The recent arrival of heavyweight boxer Lupesoliai La’auli Joseph Parker and his entourage, provides the country with a welcome break and some respite from opposing political factions banging on with their claims, counterclaims and promises.

Lupesolia’i’s ’s  opponent, 31 year old southpaw Jason Bergman from Pennsylvania, U.S.A. flew in yesterday afternoon giving himself just under a week to get used to the climate before the event.

We welcome him to our shores and assure him he can expect to experience the warmth of Samoa both in the ring and out of it.

Having won 16 of his last 18 fights, a taciturn Bergman is no doubt aware that his opponent, seven years his junior, will not only start as favourite with his unbeaten record, but have the home ground advantage.

For Lupesolia’i, the ‘Rumble in Paradise’ is all part of a carefully-managed career sequence of fights to see him eventually get a shot at the world title.  

After he leaves in a few weeks, it will be time for electors to go back to the serious business of considering who should be our representatives in parliament for the next five years.

So far, there have been few surprises on the political front, but with the Government’s manifesto still to be revealed and some late candidate announcements of candidates still to come, February may provide us with some interesting news. 

Most recently, the Opposition, with depleted numbers, has been attacking the present government’s financial management and making their own promises to increase benefits and set up new bodies, should they get in.

On the other side, the government, a.k.a. the Prime Minister, has been flicking off their criticisms and accusations in his time-honoured fashion by throwing in a few analogies here and there to steer away from giving direct answers.

It’s all so predictable.

Which is why this top boxing bout is so timely; sport is anything but predictable. 

Watching any sport is a joy for most of our people, and top sport even more so. Coupled with the event being staged in Apia, and with one of the athletes being someone we can claim as our own, it doesn’t get much better than that.

The sport of boxing was once one of Samoa’s success stories.Names such as Scanlan, Betham, Leapai and of course David ‘the Terminator’ Tua are well-known beyond these shores.   

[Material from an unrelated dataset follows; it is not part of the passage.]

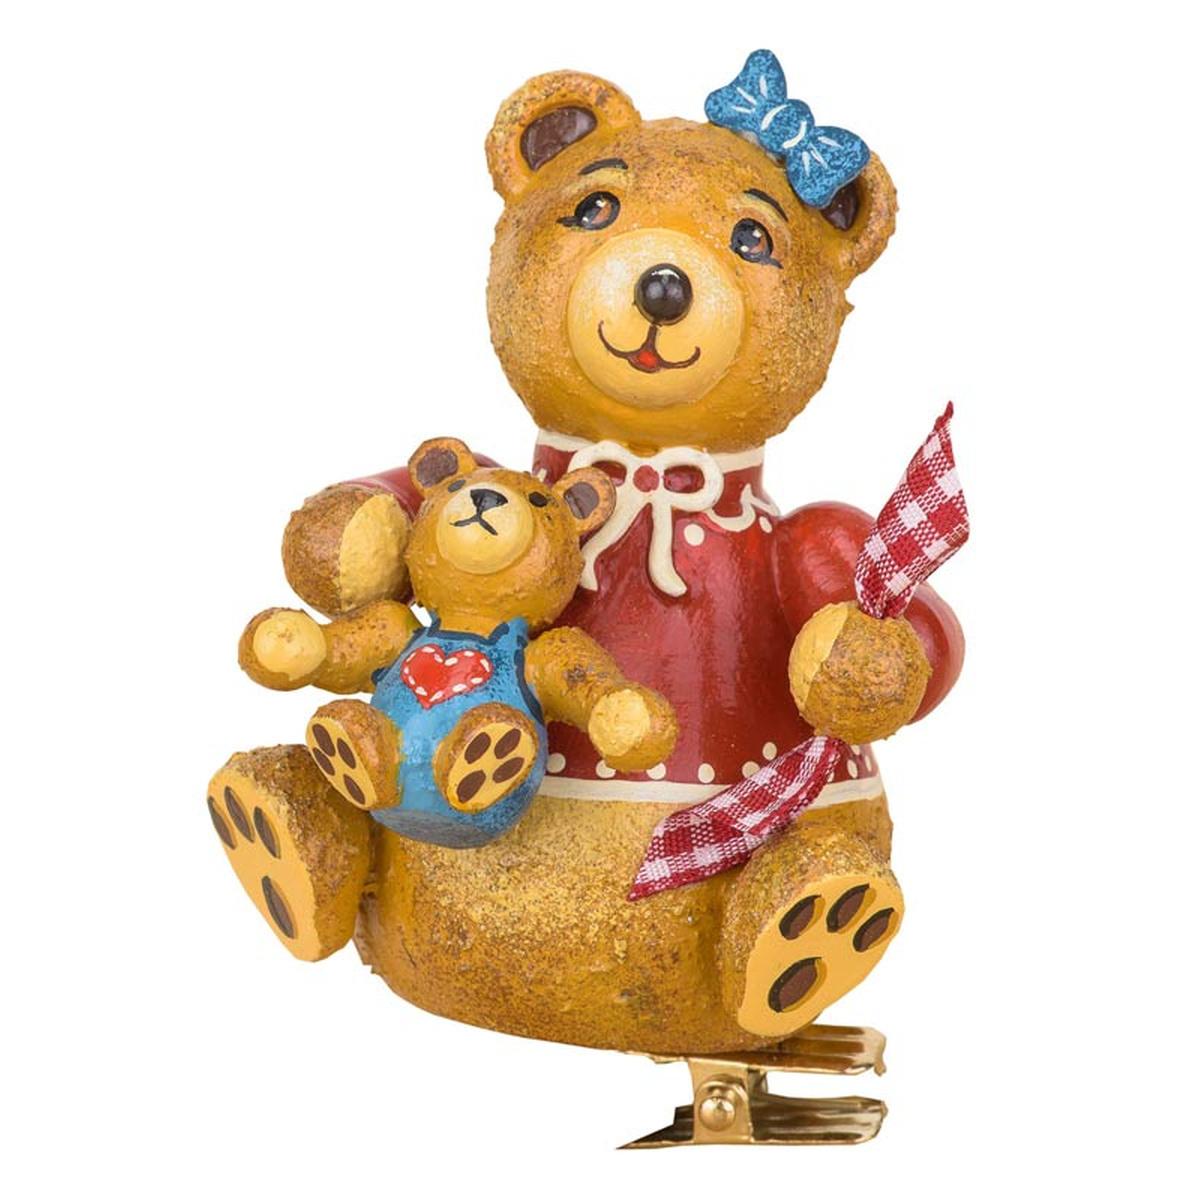 Baumbehang baumclipser teddy anni 39 s ollib r von hubrig - Weihnachtsdeko figuren ...
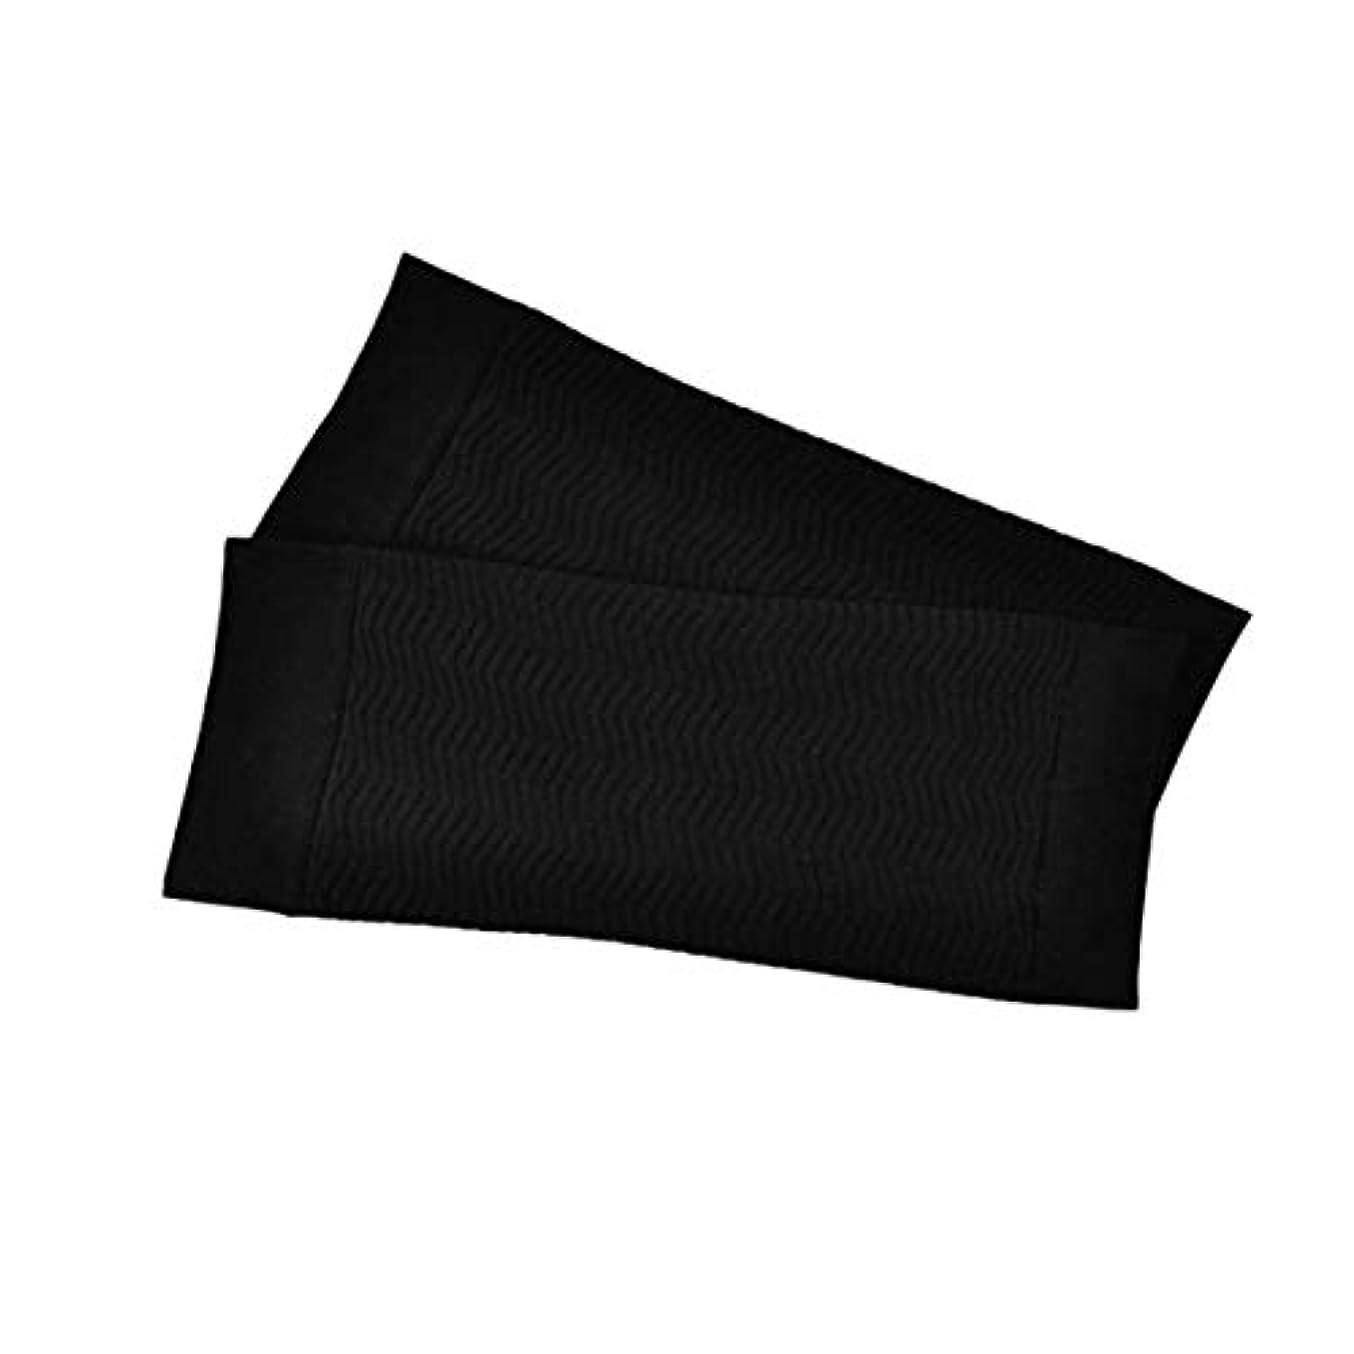 戦闘抜本的な退屈な1ペア680 D圧縮アームシェイパーワークアウトトーニングバーンセルライトスリミングアームスリーブ脂肪燃焼半袖用女性 - ブラック

Sadly over the years, Samoa has slipped in the ratings at regional and international events with intermittent success rates. 

Lined up beside the emergence of weightlifting which has become quite the success story, the difference in the two sports appears to be the person at the top.

Weightlifting has Tuaopepe Jerry Wallwork who has made as many, if not more sacrifices than those he expects from his athletes, and that appears to be the difference. His own background and experience in the sport has also been a big factor in the success of his lifters.

Meanwhile, there no shortage of strong young men or women, who with the right drive, training and commitment could gravitate to either sport and taste success.

The news that a coaching clinic will be held by Lupesolia’i’s team would go a little way to igniting some interest in the sport, but what happens after the clinic is even more important. 

International sportsmen such as Mahonri Schwalger and Va’aiga Tuigamala who have returned to Samoa and set up training (rugby Mahonri) and staged events (boxing Va’aiga) for locals can attest to the time, money and energy required to sustain these organizations for our young people, beyond one event.